Ackerson’s job description said that a doctoral degree was preferred, a master’s degree was required, and considerable management experience (three or more years) in a large organization or project was desired. Thompson’s position also required a master’s degree, but a bachelor’s with significant relevant experience could be considered instead. Thompson’s position also asked for three to five years of administrative experience in higher education. Thus, a reasonable jury could find that Ackerson’s job required skill equal to Thompson’s, if not more. And there is no evidence of any difference in the effort required by the two positions.
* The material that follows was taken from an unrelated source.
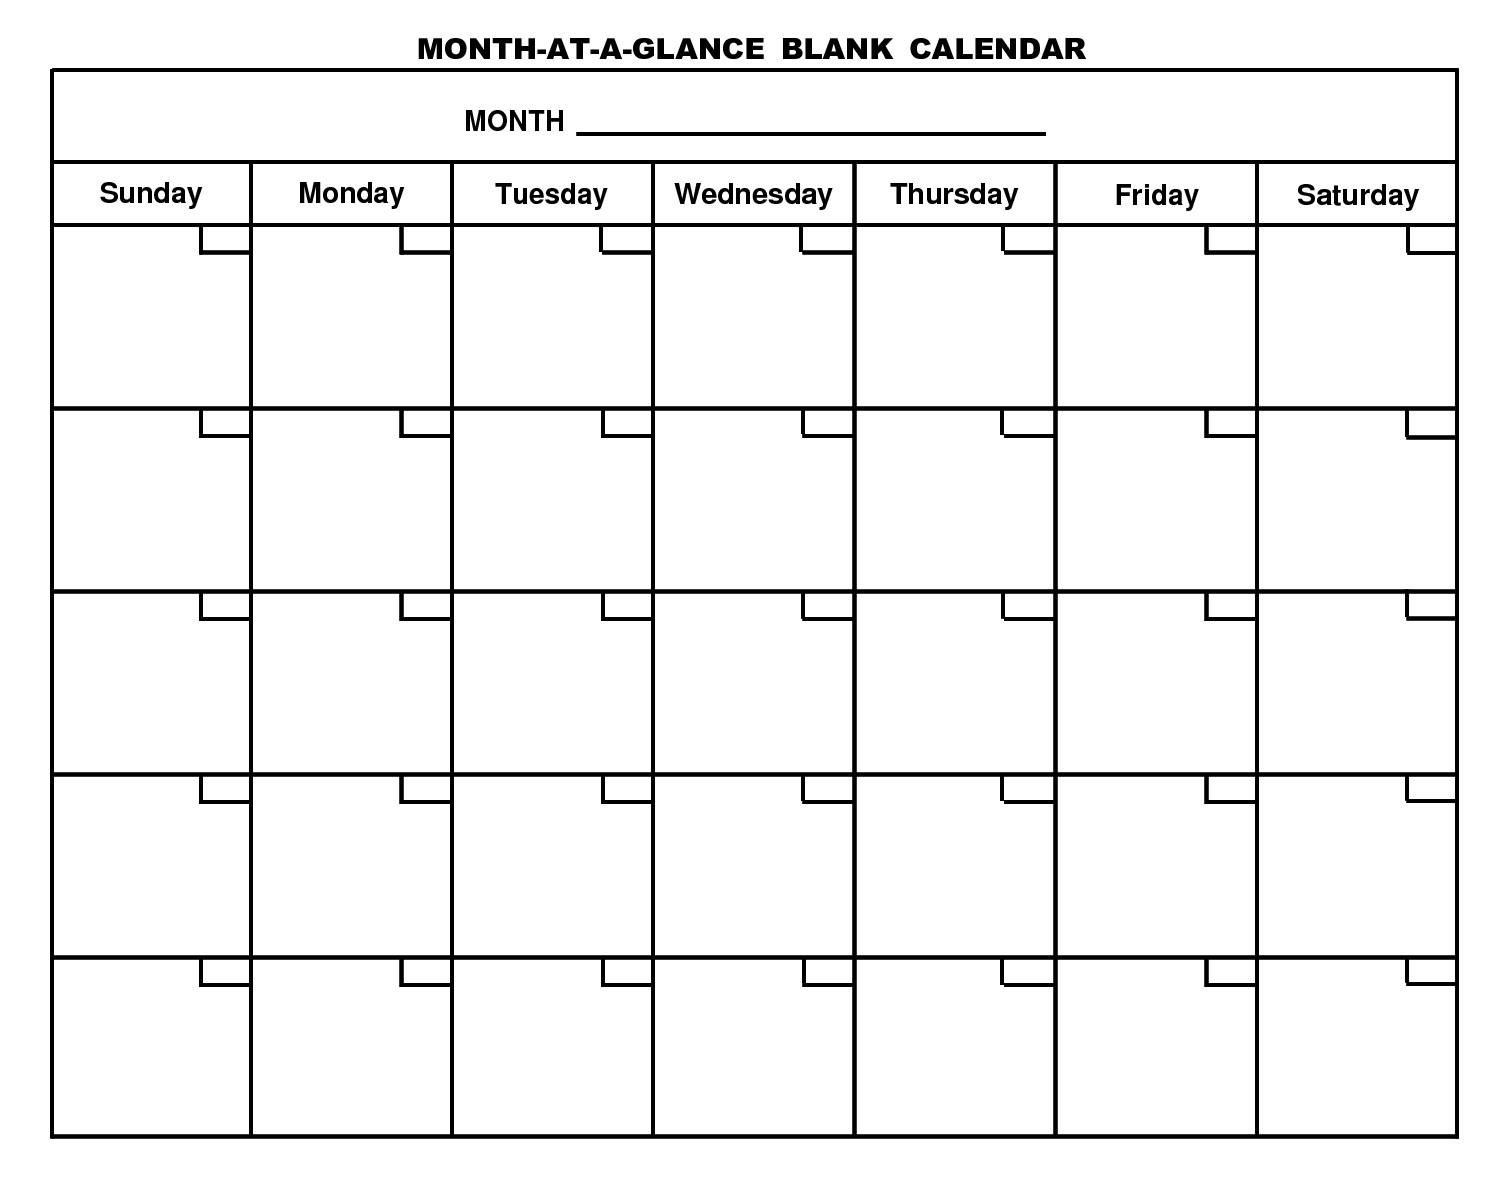 Calendar Template To Print Print Blank Calendar Template-Build A Saturday To Friday Monthly Calendar

Moreover, Thompson reported directly to a Provost, who reported to the President. Ackerson reported to a Senior Vice Provost, who reported to the President. Thus, both Thompson and Ackerson were insulated from the President by one layer. A reasonable jury could find that they exerted equal amounts of responsibility.

Title VII

For the same reasons, Ackerson has presented a triable claim for sex discrimination based on wage disparity. In light of the similarities between Thompson’s and Ackerson’s roles, reasonable jurors could disagree about whether the one-off tasks that were part of Thompson’s “other duties as assigned” were sufficient justification for paying him more. The University’s awareness of Ackerson’s concerns, and its subsequent inaction, provide further evidence on which a reasonable jury could rely in finding for Ackerson on this claim.
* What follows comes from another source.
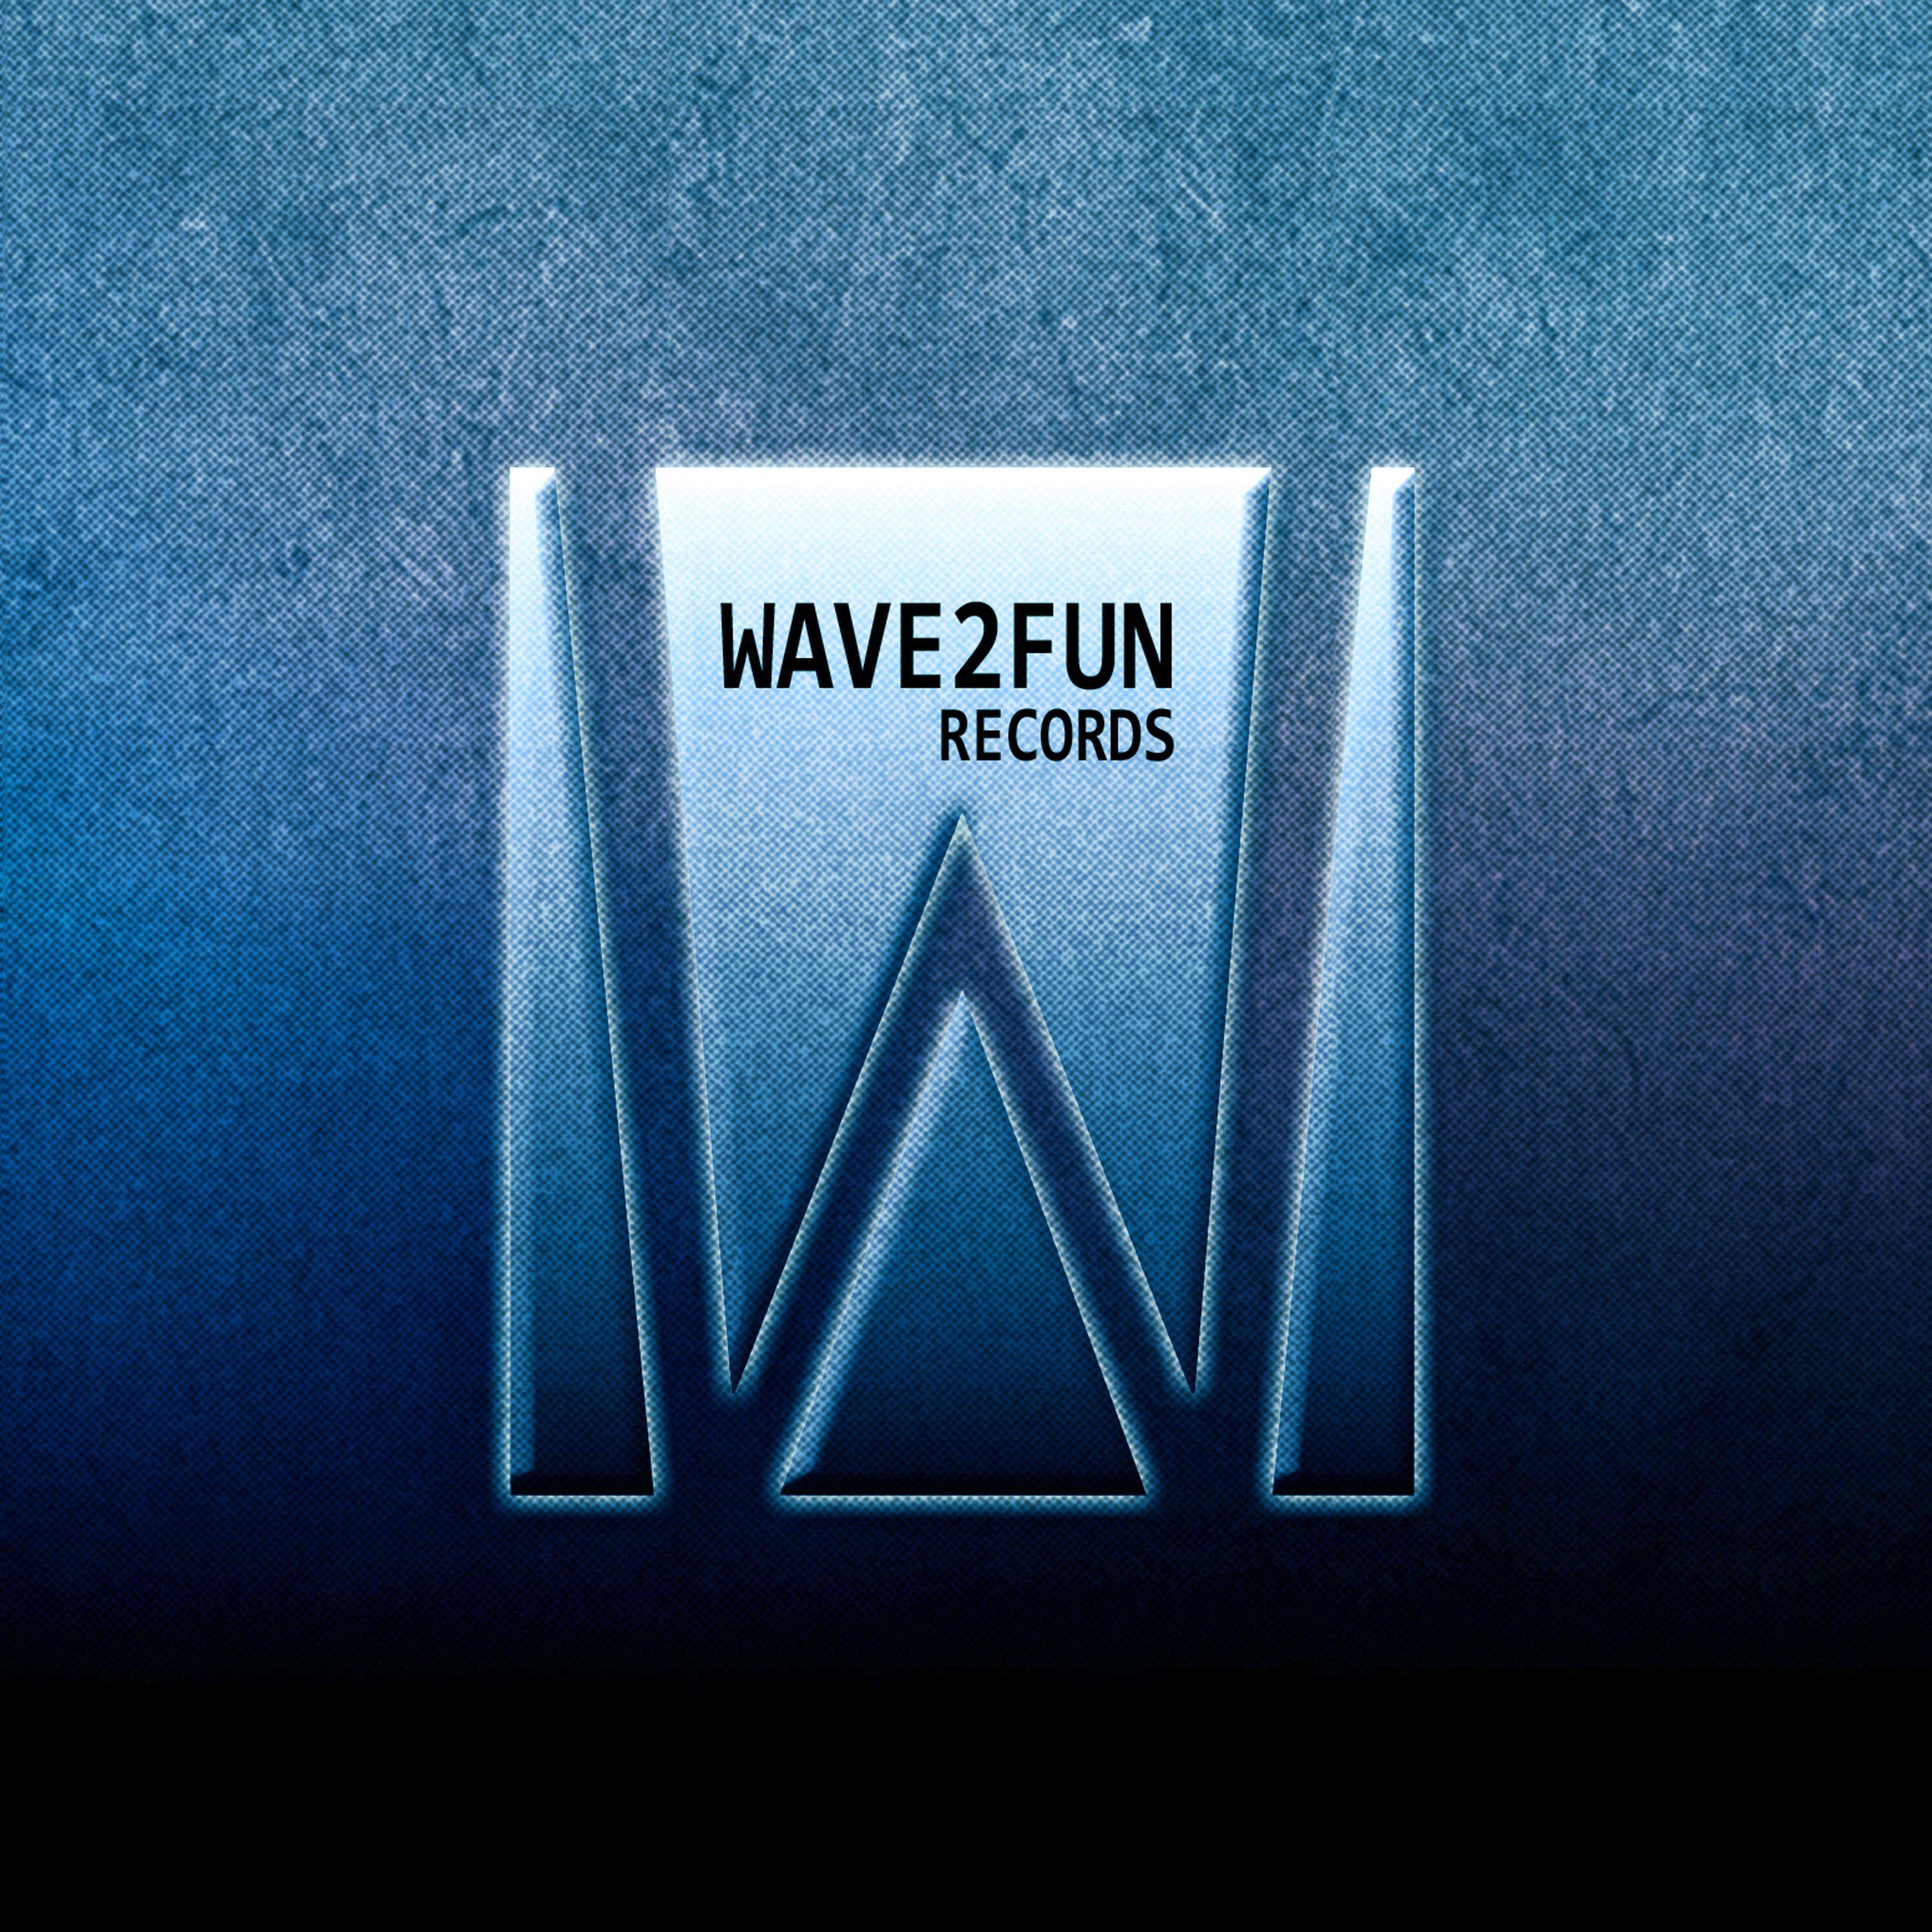 Wave2fun Records

The University is entitled to summary judgment as to retaliation.

Neither Ackerson’s move to the cubicle nor her loss of a personal printer are materially adverse actions against her. Ackerson was able to get another printer from her IT department. And while an office transfer might be considered an adverse action in some contexts, the facts in this case do not support that conclusion. Multiple individuals were being moved between offices to address space issues; no one was attempting to punish Ackerson for her illness. Even if either deprivation could be considered an adverse action, the University’s space issues provide a legitimate nondiscriminatory reason for its actions.
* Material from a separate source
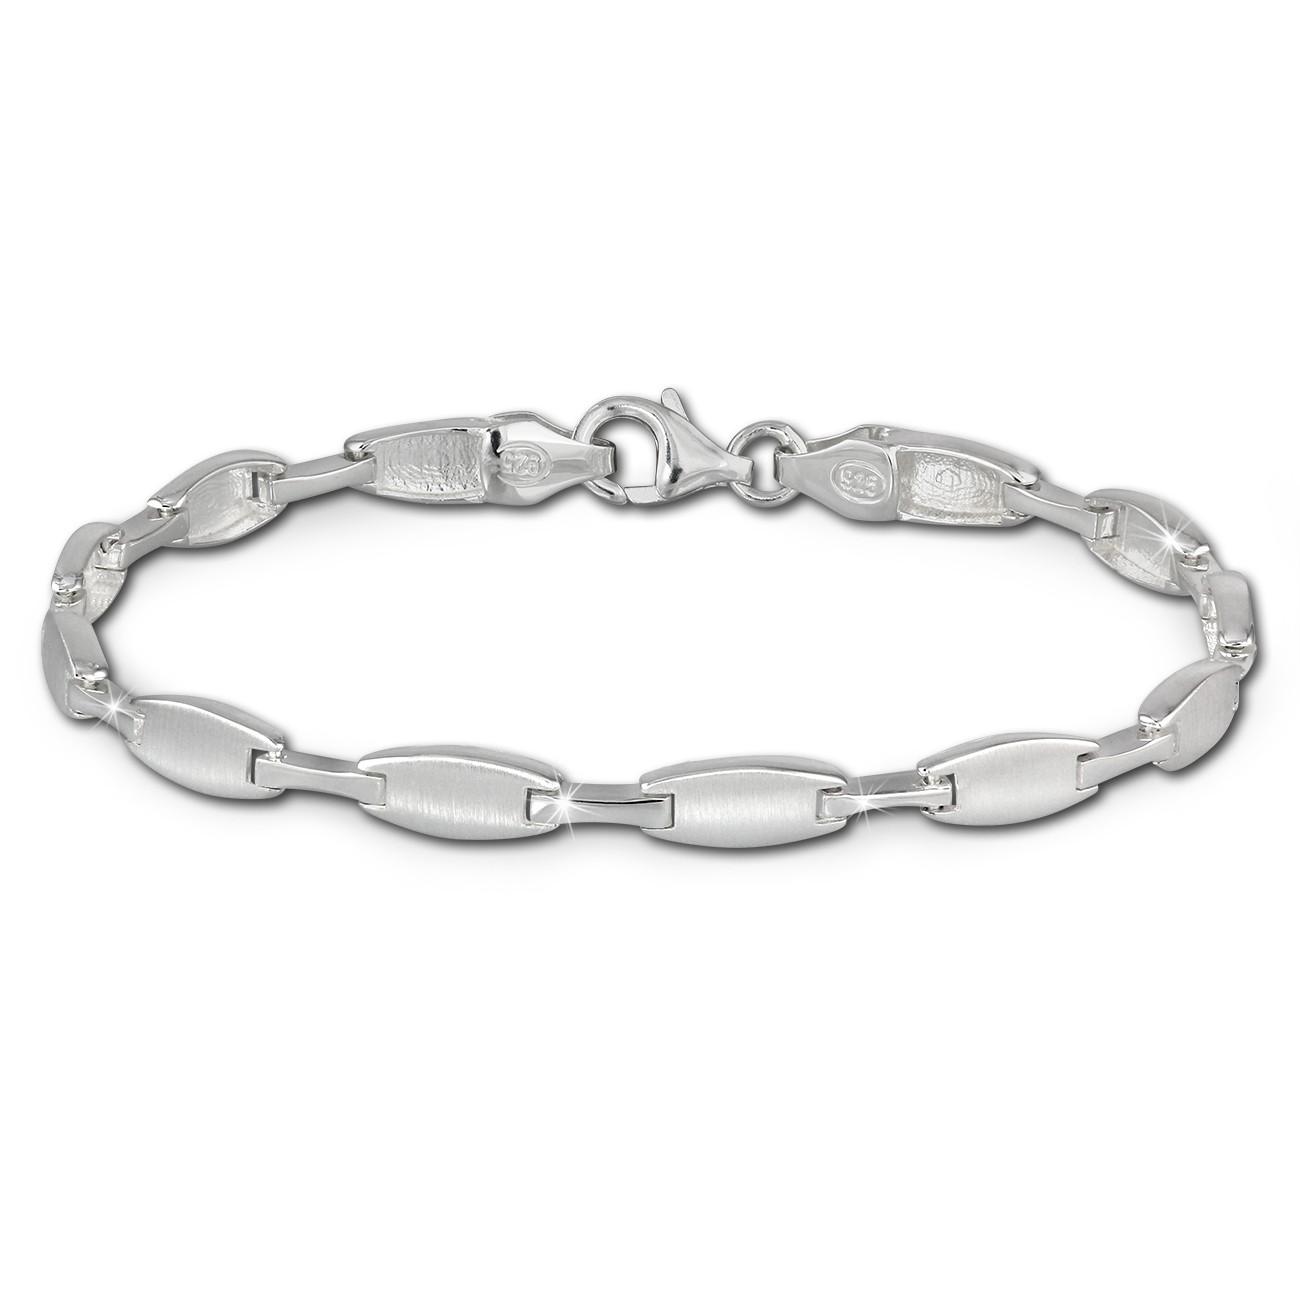 SilberDream Armband Style matt/glänzend 925 Sterling Silber 19cm SDA429

The University’s initial failure to provide Ackerson with a change in title and pay raise also do not constitute adverse actions. The University had no open position to which Ackerson applied, and Ackerson wasn’t entitled to the creation of one. Moreover, Ackerson ultimately did receive a pay raise and promotion.

Finally, assuming that Ackerson’s retaliation claim could rest on the non-renewal of her contract, the University has presented a legitimate reason for non-renewal: Her work with the Plan was ending. In fact, when Ackerson discussed the new Assistant Vice Provost position with Adams, they contemplated it ending in December 2017 – precisely when Ackerson’s position actually expired. In addition, the University was preparing for a transition to a new president and understandably did not want to tie itself to a mast of the outgoing president’s choosing. Finally, it is undisputed that Ackerson’s work load was wrapping up. The University had no duty to create more work in order to keep her employed.

Motion for summary judgment granted in part and denied in part.

Ackerson v. Rector and Visitors of the Univ. of Va., Case No. 3:17cv11, June 27, 2018. WDVA at Charlottesville (Moon). VLW No. 018-3-268, 26 pp.